Sentono inoltre il dovere di riaffermare alcuni fondamentali evidenze scientifiche ed etiche, senza le quali il vivere civile, l’organizzazione sociale e la nostra professione corrono il rischio di allarmanti derive. Il paziente in stato vegetativo non necessita di alcuna macchina per continuare a vivere, non è attaccato ad alcuna spina. Non è un malato in coma, né un malato terminale, ma un grave disabile che richiede solo un’accurata assistenza di base, analogamente a quanto avviene in molte altre situazioni di lesioni gravi di alcune parti del cervello che limitano la capacità di comunicazione e di auto-sostentamento. La nutrizione e l’idratazione del paziente, per quanto assistite, non sono assimilabili a una terapia medica, ma costituiscono da sempre gli elementi fondamentali dell’assistenza, proprio perché indispensabili per ogni persona umana, sana o malata. La cannula attraverso cui la nutrizione viene fornita non altera tale elementare verità, essendo al massimo assimilabile ad una protesi o ad un ausilio.
La stessa Corte di Cassazione, nella sua sentenza, riconosce che l’alimentazione assistita “non costituisce oggettivamente una forma di accanimento terapeutico e che rappresenta, piuttosto, un presidio proporzionato al mantenimento del soffio vitale…”. La nutrizione e l’idratazione assistite, infatti, possono essere praticate nelle persone che lo necessitano senza causare sofferenza o violenza alcuna e senza addirittura interferire con l’eventuale attività lavorativa.
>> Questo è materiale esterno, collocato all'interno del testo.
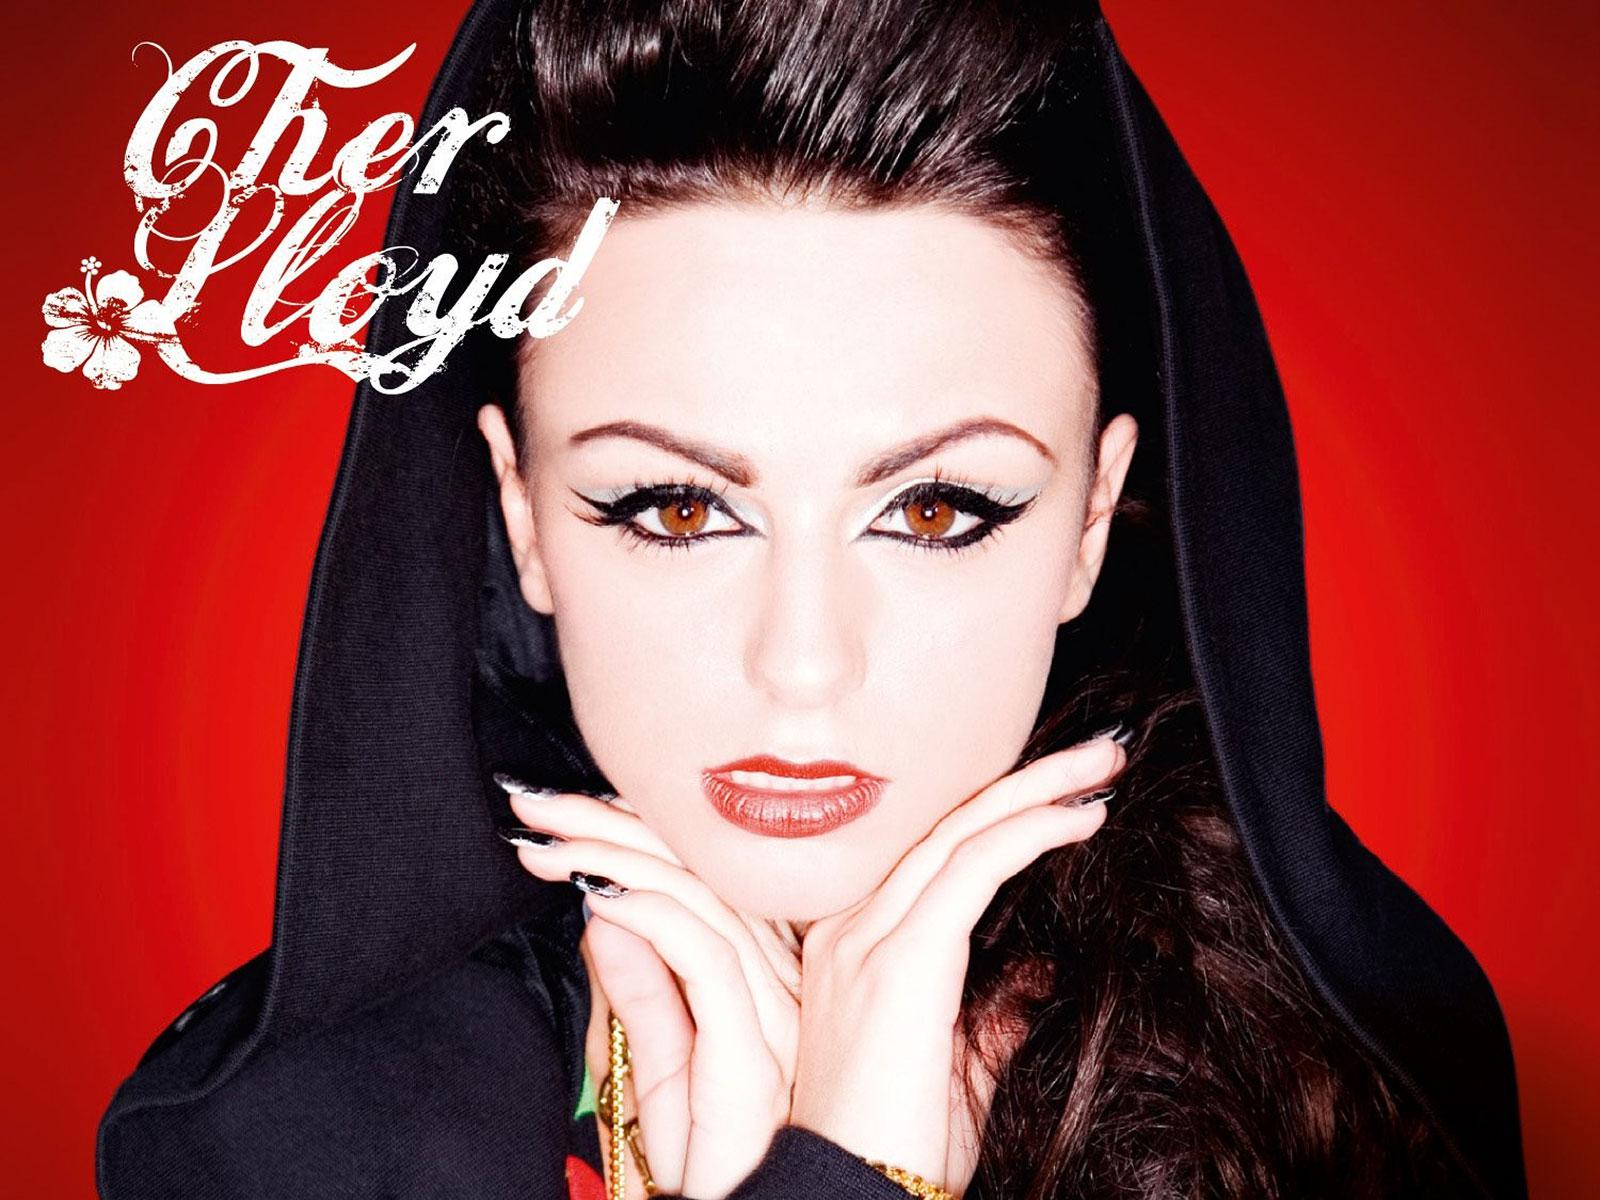 Cher Lloyd Cher Lloyd 壁紙 ファンポップ

Queste persone sono decine e decine di migliaia (centinaia di volte di più dei Pazienti in stato simile a quello della Sig.ra Englaro che in Italia si stimano essere circa 1500) e per una parte la loro incapacità a nutrirsi è anche associata ad un deficit cerebrale marcato che non le differenzia molto dallo stato di Eluana. Ci chiediamo cosa faremo con tutte loro e su che base sarà possibile scegliere. Dobbiamo –lo Stato, la Comunità, i Medici- eliminarle tutte?
Dal punto antropologico, inoltre, desideriamo ribadire che il paziente in stato vegetativo non è un vegetale, ma una persona umana. Come la stessa Cassazione riconosce, “chi versa in stato vegetativo permanente è, a tutti gli effetti, persona in senso pieno, che deve essere rispettata e tutelata nei suoi diritti fondamentali, a partire dal diritto alla vita e dal diritto alle prestazioni sanitarie, a maggior ragione perché in condizioni di estrema debolezza e non in grado di provvedervi autonomamente”. Proprio per questo, afferma la Cassazione, la persona in stato vegetativo ha in campo sanitario gli stessi diritti degli altri cittadini (diritti che per la Englaro sono stati rispettati, facendole trascorrere questi anni curata ed assistita amorevolmente in un centro specializzato) e “la tragicità estrema di tale stato patologico - … che nulla toglie alla sua dignità di essere umano – non giustifica in alcun modo un affievolimento delle cure e del sostegno solidale, … a prescindere da quanto la vita sia precaria e da quanta speranza vi sia di recuperare le funzioni cognitive”.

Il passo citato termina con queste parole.